There is great competitive pressure for small and medium-sized enterprises to apply new IT concepts such as machine learning and artificial intelligence (AI). Practical and monetary hurdles as well as a lack of skilled workers have an additional limiting effect. With this project, the CiS Research Institute aims to develop a practicable AI-supported service that combines automatic image processing with other manufacturing-relevant quality data. Industrial image processing software is being further developed on the basis of two different sensor productions and coupled to various electrical parameters for quality assurance in a production process. Empirical values flow into firmly defined error catalogs and contribute to the early detection of deviations in order to optimize the production process and save resources. The focus is on the flexible adaptability of the methods to be developed to changed objects and environmental influences and promises enormous advantages, especially for changing product types and small to medium quantities of individual assemblies.

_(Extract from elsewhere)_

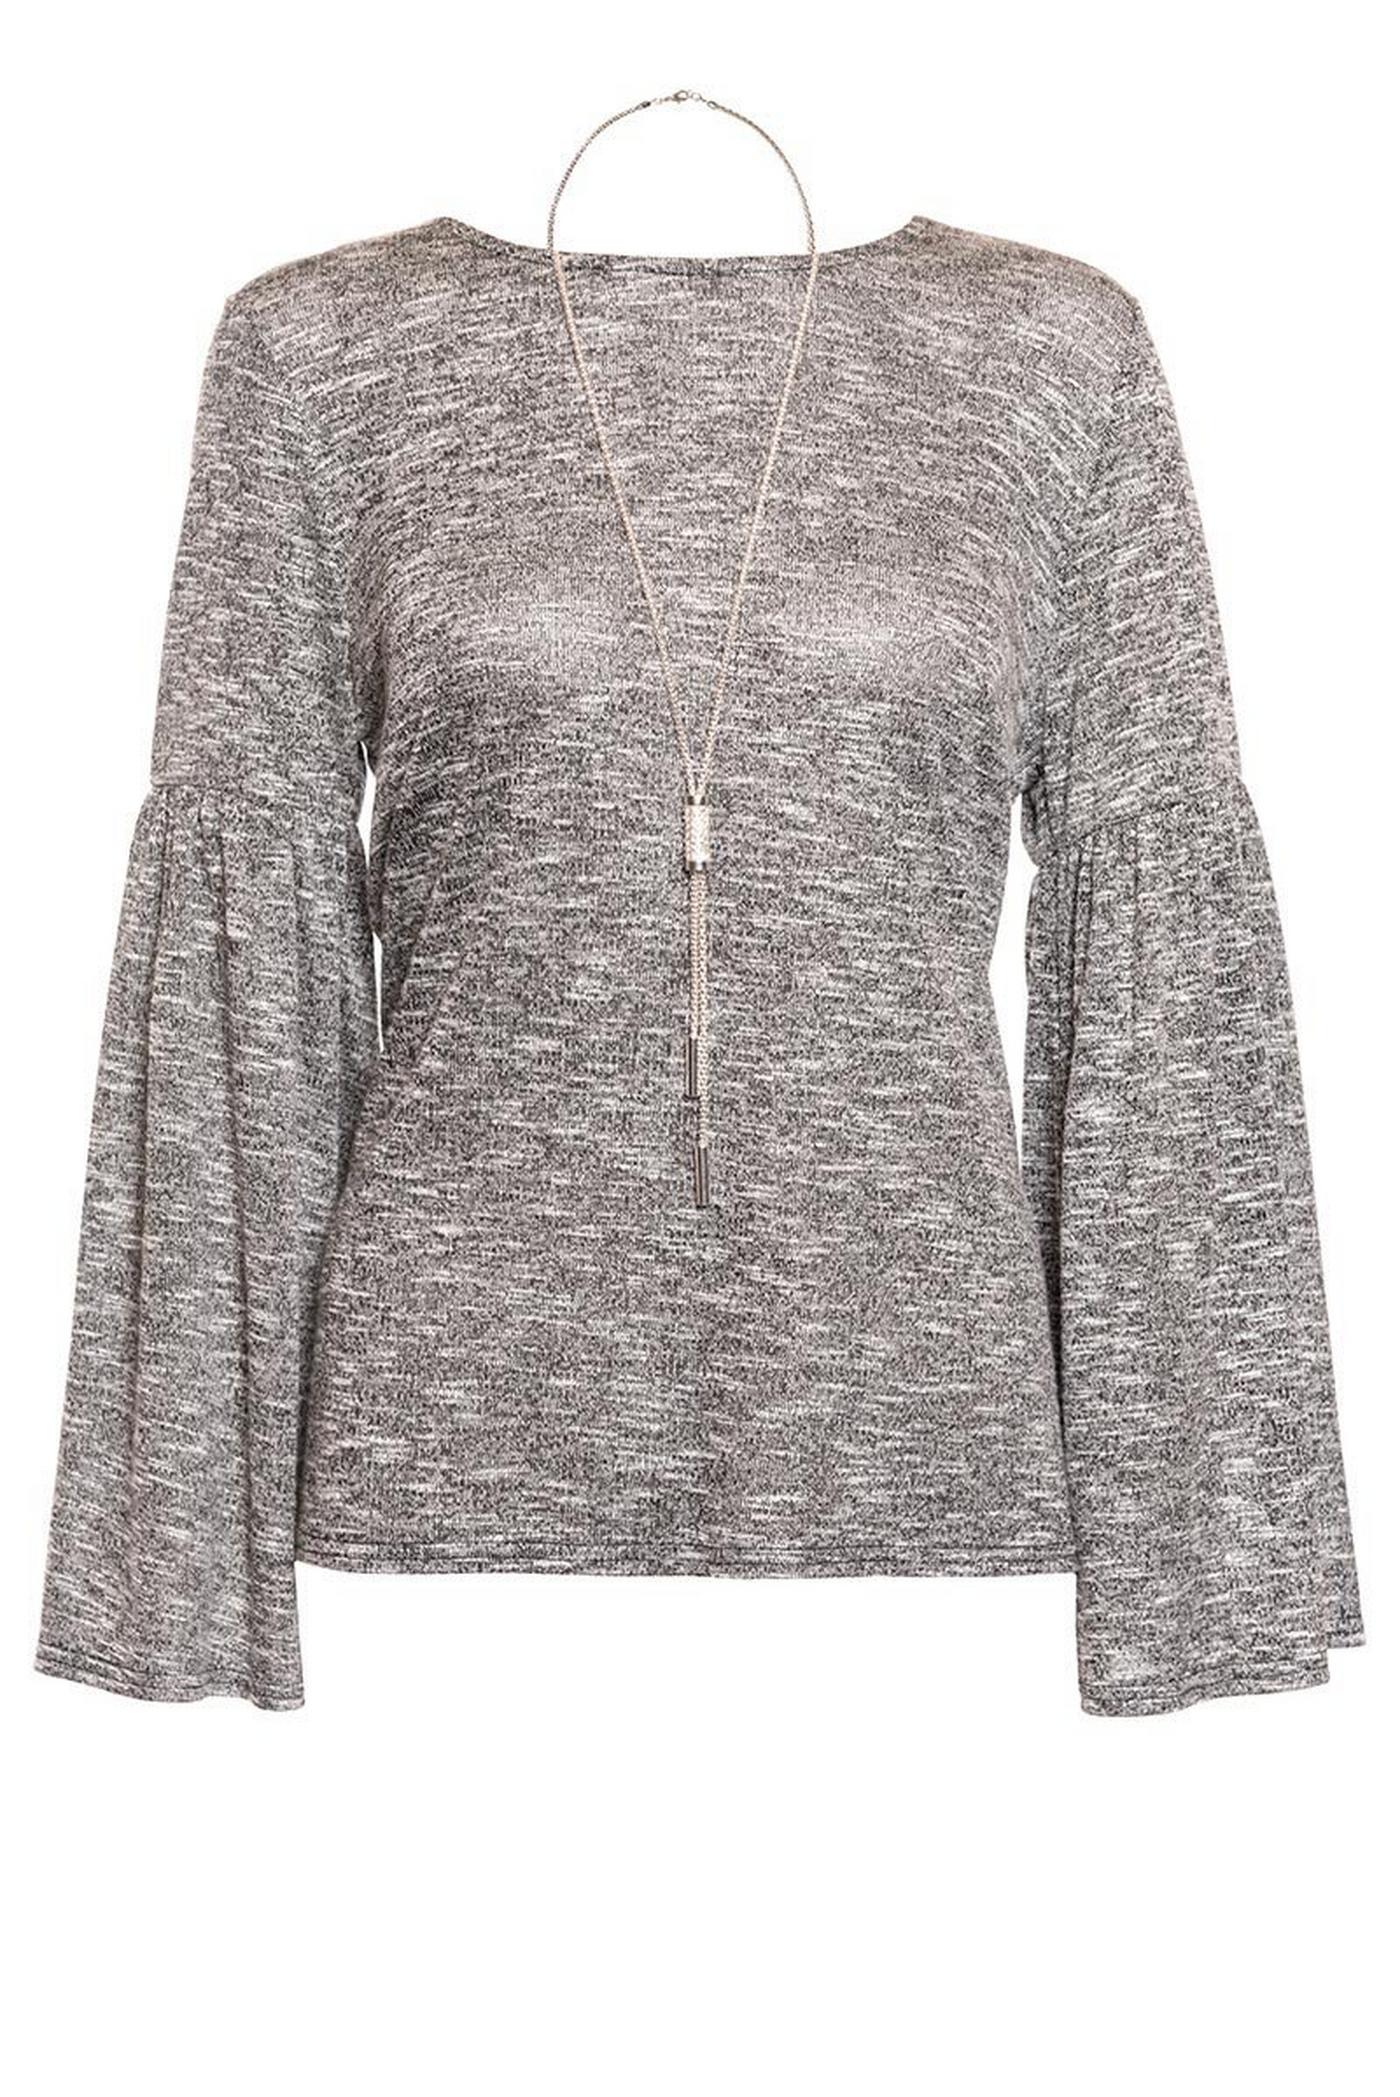 Grey Light Knit Ruffle Sleeve Necklace Top

Companies benefit directly from this methodological knowledge by adapting or adopting the developed procedures and applying them to their own development and production processes. The CiS Research Institute is available as a development partner and consultant after project completion.
The project “PinSpek – Service for AI-supported Quality Control” belongs to the specialization field “Industrial Production and Systems” of RIS3 Thuringia and concerns the key objectives “LIPS 1.1: Thuringia is 202 competence region for intelligent networked production with adequately adapted human-machine interaction”, “LIPS 1. 2:Thuringia is a leading region in Europe for the development and application of flexible and efficient processes, systems as well as technologies for individualized products” and “LIPS 1.3: Intelligent production monitoring and control: Thuringia is a globally established region in the field of sensor and measurement technology for industrial production” in 2020.
The project underlying these results was funded by the Free State of Thuringia under the number 2022 WFN 0035 and co-financed by funds from the European Union under the European Fund for Regional Development (EFRE).